Arguments in favor of scientific realism commonly rely upon its explanatory virtue. Well-tested scientific theories very accurately describe and predict events in nature. Chemists have atomic models and theories of molecular bonding that let them predict the outcomes of millions of different reactions. Their knowledge allows them to synthesize completely novel materials in a planned manner. It would be an outrageous coincidence if such scientific predictions just happened to be right, on a regular basis, and atoms and molecules did not really exist. What is more likely is that some scientific explanations are successful because they capture some true aspect of the phenomena they deal with.
Rather than trying to logically derive realism from a priori principles, this line of argumentation follows what Gilbert Harman has called
inference to the best explanation3: The best explanation for the success of scientific theories available is that good scientific theories are true. Hilary Putnam sums up this position for all of science in his statement:
The positive argument for realism is that it is the only philosophy that doesn’t make the success of science a miracle.4
The anti-realist Bas van Fraassen challenges the conclusion that the best explanation for the successes of science is the truth of its theories. In his 1980 book The Scientific Image, van Fraassen offers an alternative account: What makes certain scientific explanations successful is not so much their truth as their empirical adequacy, their satisfactory description of facts. Van Fraasen’s central thesis is that in science, theories themselves do not have to be true in order to be successful, only the statements about observable entities and events that the theories provide must be true. Usually, different scientific hypotheses compete as explanations for any given phenomenon. Scientists hold on to those hypotheses that are best at describing the phenomena, and reject the ones that are inadequate. It is no miracle at all, argues van Fraassen, that theories which survive rigorous selection processes make good, empirically adequate predictions about the way things happen in the world.5 Empirical adequacy does not automatically make theories true, though. The physicist Robert Clausius (1822–1888), for example, derived fundamental thermodynamic equations using the notion that heat is a type of fluid6 called caloric. Even though Clausius’s theory is based on what is today considered a nonentity, the equations Clausius formulated still give very good descriptions of actual thermodynamic processes.

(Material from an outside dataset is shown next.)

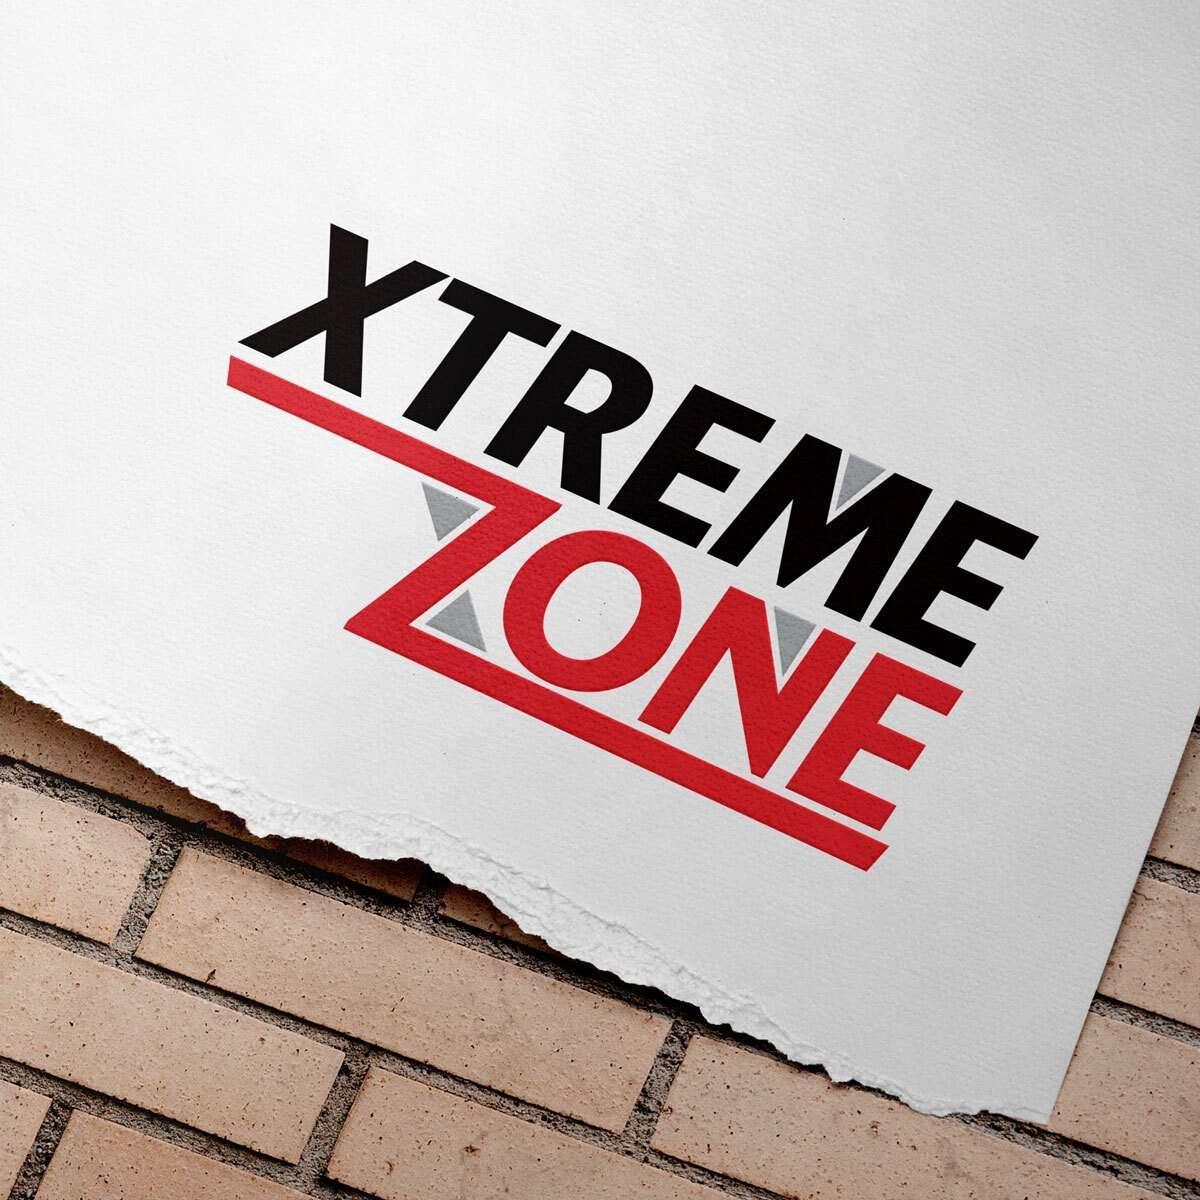 Xtreme Zone Logo Design by BrandSwan, a logo design company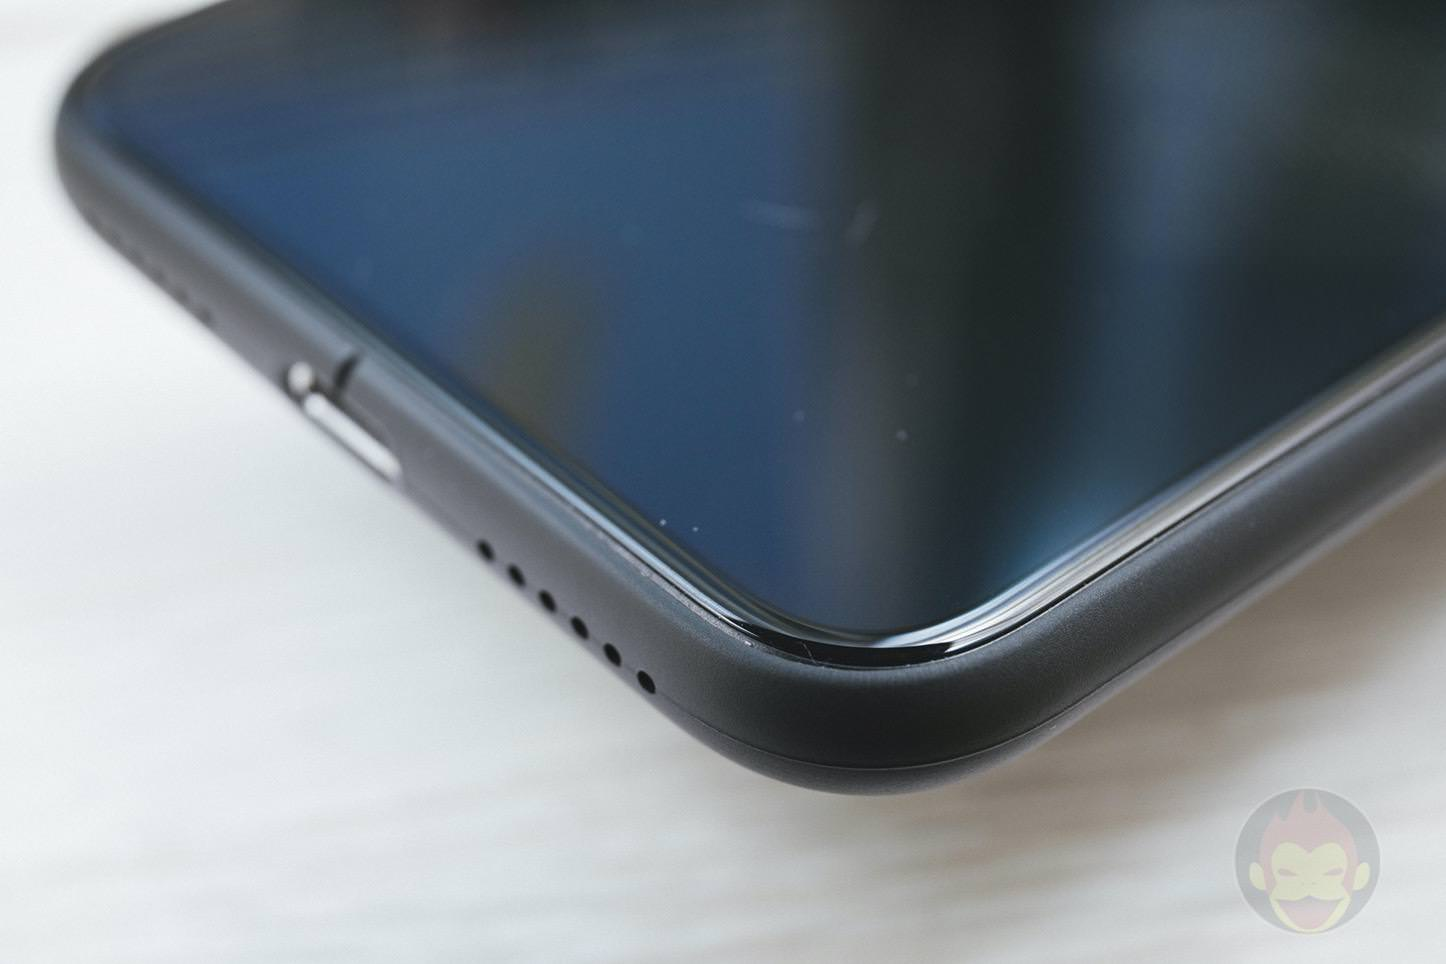 Mynus-iPhoneX-Case-Black-White-12.jpg

The historical example of caloric shows that there is reason for caution against believing in the truth of theoretical objects posited by science without further empirical evidence. Van Fraassen’s critique indicates that realists, if they want to avoid falsely ascribing reality to theoretical entities, cannot rely on the success of scientific explanations alone as a criterion for the truth of theories. For scientific realism to be conclusive on a philosophical level, it must produce a criterion which provides an unassailable basis for the reality of theoretical entities.
The philosophers Ian Hacking and Nancy Cartwright proposed a new candidate for a realist criterion in the 1980s, shortly after van Fraassen’s attack on realism. It is important to note that Hacking and Cartwright were not motivated by a belief in the fundamental truth of the laws of physics. Quite the contrary; they share anti-realist sentiments about the status of theoretical laws, and are realists only with regards to certain theoretical entities.7 Their entity realism is an intermediate position in the Realism/Anti-Realism Debate which reevaluates the importance of practical experiment and technology on a philosophical level.
Ian Hacking recounts in his 1983 book Representing and Intervening that he visited a friend working on an experiment at Stanford (conducted by LaRue, Fairbank, and Hebard) which was designed to detect theoretical particles called quarks that hold a fraction of the charge of electrons. The experimental setup was such that minimal electrical charges were applied to tiny niobium spheres and then very accurately measured, in hope of finding charges that were one third of the elementary charge e- of electrons. Hacking writes:
Now how does one alter the charge on the niobium ball? ‘Well, at that stage,’ said my friend, ‘we spray it with positrons to increase the charge or with electrons to decrease the charge.’ From that day forth I’ve been a scientific realist. So far as I’m concerned, if you can spray them then they are real. Long-lived fractional charges are a matter of controversy. […] What convinced me of realism has nothing to do with quarks. It was the fact that by now there are standard emitters with which we can spray positrons and electrons – and that is precisely what we do with them. We understand the effects, we understand the causes, and we use these to find out something else.8
The criterion for the existence of theoretical entities Ian Hacking expresses in the above quote is based on manipulability. One can be sure not only of the existence of directly observable objects. Philosophers of science who limit the real to the observable ignore that beyond “looking at” and talking about “theoretical” entities one can interact with them.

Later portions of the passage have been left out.